Ecrit par Toute La Philo

Dissertation de Philosophie (corrigé)

Introduction

La culture d’un individu permet de connaître de manière plus approfondie sa personnalité et ses centres d’intérêt. Loin d’être des clichés trompeurs, les traits marquants de l’extérieur, notamment le physique ou la façon de parler, constituent des signes retraçant son passé et son histoire. D’emblée, une culture transparaît toujours à travers des supports physiques, et dévoile son authenticité même lorsqu’elle s’applique dans des contrées lointaines. Mais aussi, un individu est perméable à la culture d’autrui, cela pour des raisons pratiques aussi bien que pour des choix personnels. Dans les communautés d’immigrants par exemple, il existe une façon qui leur est particulière d’intégrer la culture du pays hôte. Comme disait Claude Lévi-Strauss dans son Anthropologie structurale : « Et pourtant, rien n’est plus loin de nous que cet autre nous-même, car un corps imité jusqu’aux moindres détails les reflète tous à l’envers, et deux formes, qui se reconnaissent l’une dans l’autre, gardent chacune l’orientation première que le sort lui a assigné ». Nous observons alors la culture d’autrui avec un certain recul, mais son intériorisation provoque également une interrogation sur les principes sur lesquels notre propre culture est basée.
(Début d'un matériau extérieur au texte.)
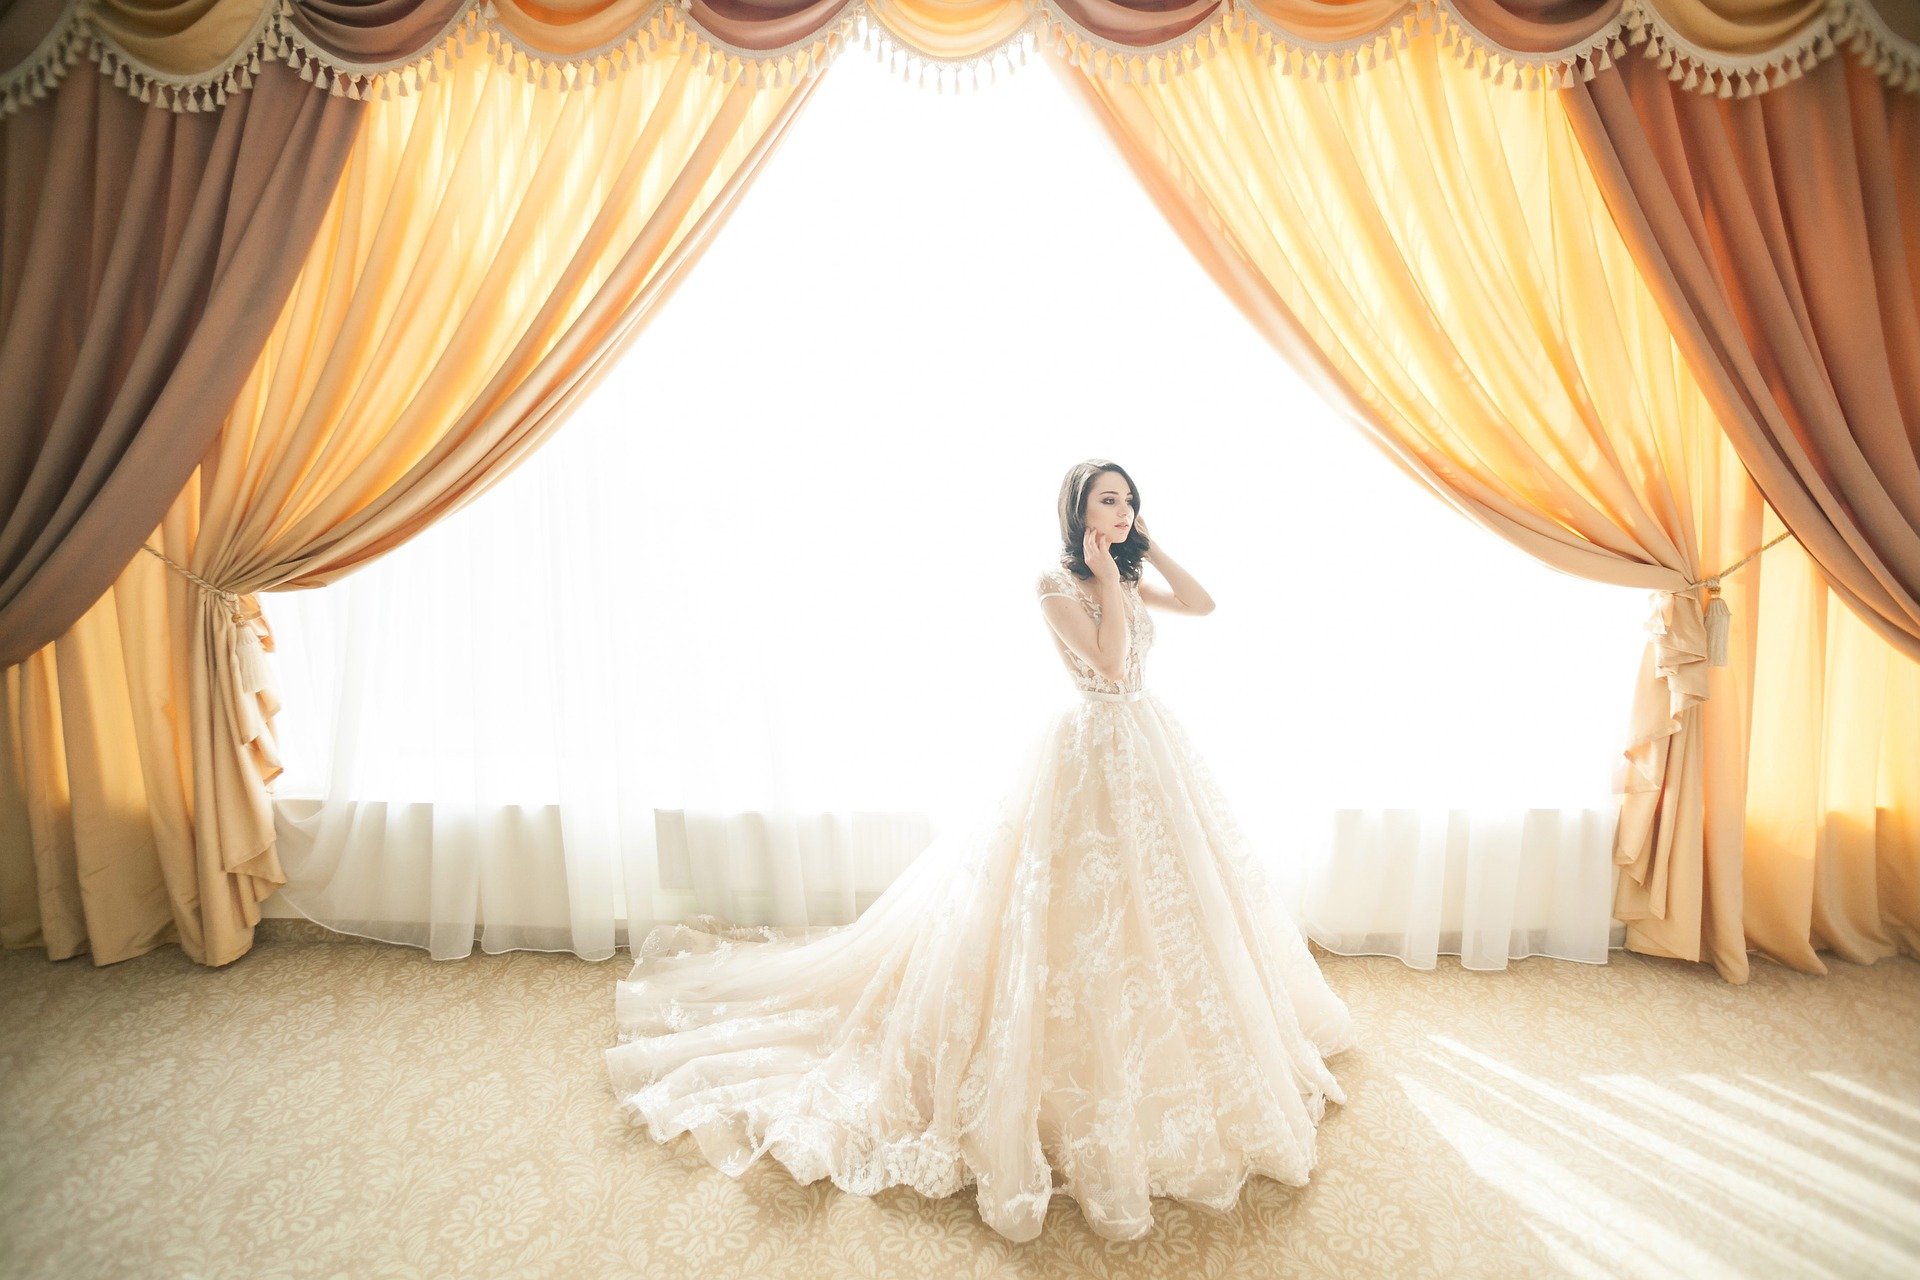 A bride wearing a lace wedding dress by the window. | Source: Pixabay

Un individu saurait-il résister aux pressions extérieures pour garder intact le respect de sa propre culture ? A travers les trois paragraphes qui suivent, nous donnerons une réponse détaillée sur le problème de l’évolution culturelle : le premier évoquera les forces mises en jeu pour qu’une culture puisse résister au temps ; le deuxième argumentera que tout individu aspire intérieurement à préserver coûte que coûte son identité culturelle ; et le troisième conclura que l’histoire est constituée essentiellement par le changement inopiné des perspectives.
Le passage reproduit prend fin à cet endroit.